# Points plus Cash



## George K (Jul 7, 2016)

One of the new "features" of AGR 2.0 was the implementation of the "Points plus Cash" program. This is great for some of us who are just *that* far away from a points-funded trip.

It's been almost 6 months since AGR 2.0 was introduced.

Has anyone heard anything about when it'll happen?


----------



## Ryan (Jul 7, 2016)

Ryan said:


> No it wasn't. It was always billed as "coming in 2016".
> 
> 
> 
> ...





George K said:


> So, they still have 7 months!


No different than the last time you asked.


----------



## George K (Jul 7, 2016)

Ryan said:


> No different than the last time you asked.

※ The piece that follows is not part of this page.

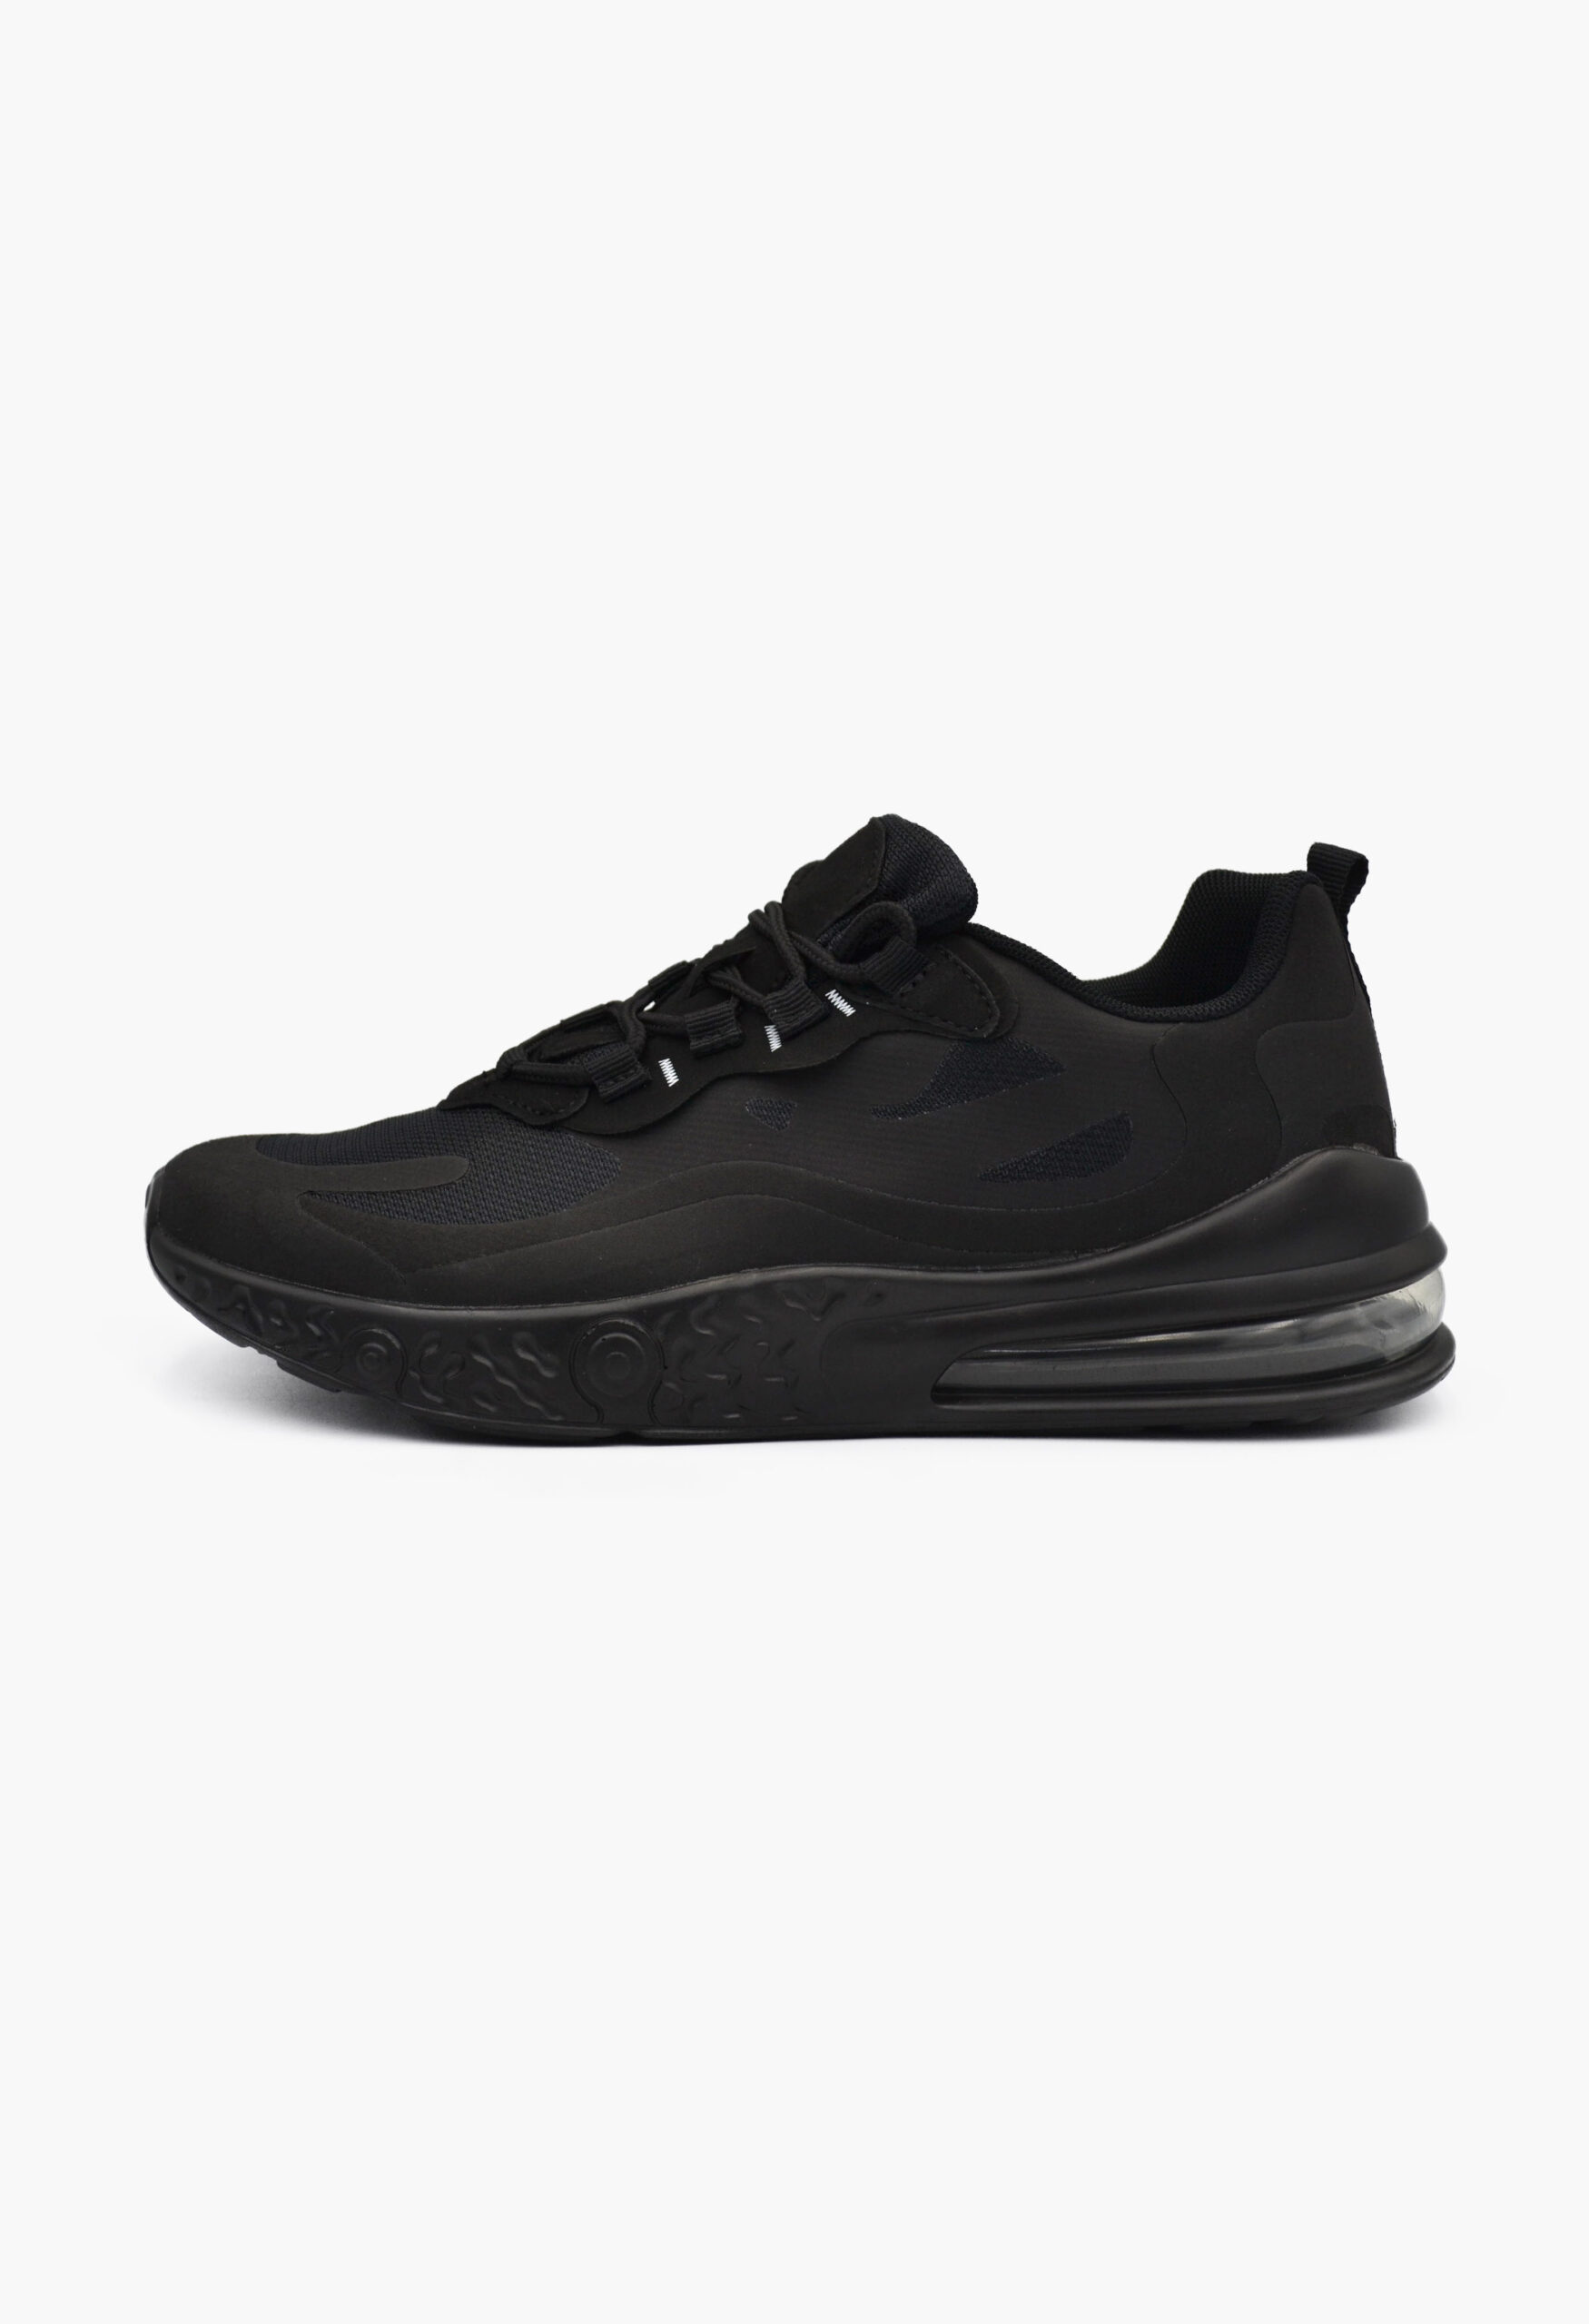 Αθλητικά Παπούτσια για Τρέξιμο Μαύρο / SD0169-all black Γυναικεία Αθλητικά και Sneakers joya.gr

Always looking for a good rumor.


----------



## Devil's Advocate (Jul 7, 2016)

George K said:


> Always looking for a good rumor.


 Normally I'd suggest asking AGR Insider over on Flyertalk, but there's a rumor that he hasn't been seen since AGR 2.0 came into effect. Maybe he'll be back with a cute little song and dance about the virtues of AGR 3.0?


----------



## PRR 60 (Jul 8, 2016)

Devil's Advocate said:


> George K said:
> 
> 
> > Always looking for a good rumor.
> ...


Doubtful. Effective tomorrow, he is moving to a new employment opportunity, and it's not Amtrak.


----------



## CCC1007 (Jul 8, 2016)

PRR 60 said:


> Devil said:
> 
> 
> > George K said:
> ...


Will that allow his return to this forum?


----------



## AKA (Jul 8, 2016)

Maybe this is not what you mean. However I booked an AGR trip cle _ sac one way and a sac_ chi.AGR. Agent asked why not book sac _ cle. I said, I don't have enough points. OK buy chi _ cle with cash.Done deal. Got the E tickers shortly.


----------



## trainman74 (Jul 8, 2016)

Devil's Advocate said:


> Normally I'd suggest asking AGR Insider over on Flyertalk, but there's a rumor that he hasn't been seen since AGR 2.0 came into effect.


He made this post on June 27. (Spoiler alert: it is not addressing any AGR 2.0 concerns.)


----------



## fairviewroad (Jul 8, 2016)

PRR 60 said:


> Devil's Advocate said:
> 
> 
> > George K said:
> ...


And there is literally no one else at AGR who knows how to post messages on an internet forum.

[True? Maybe! I have no idea.]


----------



## Bob Dylan (Jul 8, 2016)

PRR 60 said:


> Devil said:
> 
> 
> > George K said:
> ...


Good on Anthony! He's getting out of the Boardman/Beancounter circus before the rats desert the sinking ship! 
Great friend to us,founder of AU and a Very Sharp individual who will go far! All the best Anthony, we'll miss you!


----------



## DennisInGeorgia (Sep 27, 2016)

I'll resurrect this topic since we'll have to use points+cash if we take a planned "big trip" next summer. By now Amtrak has 3 months left in 2016. The AGR agents plead ignorance when I ask, and nothing has been published, so the only source of news would be a juicy, informed rumor about the subject. Does anyone have one of those to share until AGR might announce/not announce something officially?


----------



## me_little_me (Sep 30, 2016)

A group of 200,000 of us got together and agreed that each in turn would hold one's breath until it happens. Alas, over a hundred thousand of us have gone to the Great Penn Station in the Skies already. My turn hasn't come and so I am still hoping.


----------



## Carolina Special (Sep 30, 2016)

My uninformed speculation would be that the decision to implement surge pricing made the points and cash more difficult to program or explain than when the feature was originally promised. If cash is at the current cash price rate and points are at the current surge price for points rate, you're likely to have some wacky results. Tough for the customer reps to explain.

I don't see a good way around this except to make points and cash unavailable during surge pricing periods. Which would reduce the value of having the feature in the first place and make it less worthwhile to implement.

But maybe the feature will show up by December 31 in some fashion. If so, I will predict that the rates used will create more complaining on the board.


----------



## Tennessee Traveler (Sep 30, 2016)

While not what some are seeking, I have generated cash plus points trips simply by using points for one segment of the trip and paying cash for the second and possibly additional segments. Each segment in the complete trip on one train such as points for Capitol Limited D.C. to Chicago and cash for California Zephyr Chicago to Emeryville. So cash plus points if possible just not for single segment on only one train. Another way I have accomplished this is paying cash for one direction and then using points for the return trip.


----------



## Sauve850 (Oct 9, 2016)

I too do the same thing just in reverse of you. Points for a bedroom on the CZ to Chicago and cash for the CL to DC. The bedroom price on the CL is often so inexpensive I wouldn't waste my points.


----------



## daybeers (May 19, 2019)

Any updates on this? I would really like to use cash for the value coach fare and use points to upgrade to a roomette.


----------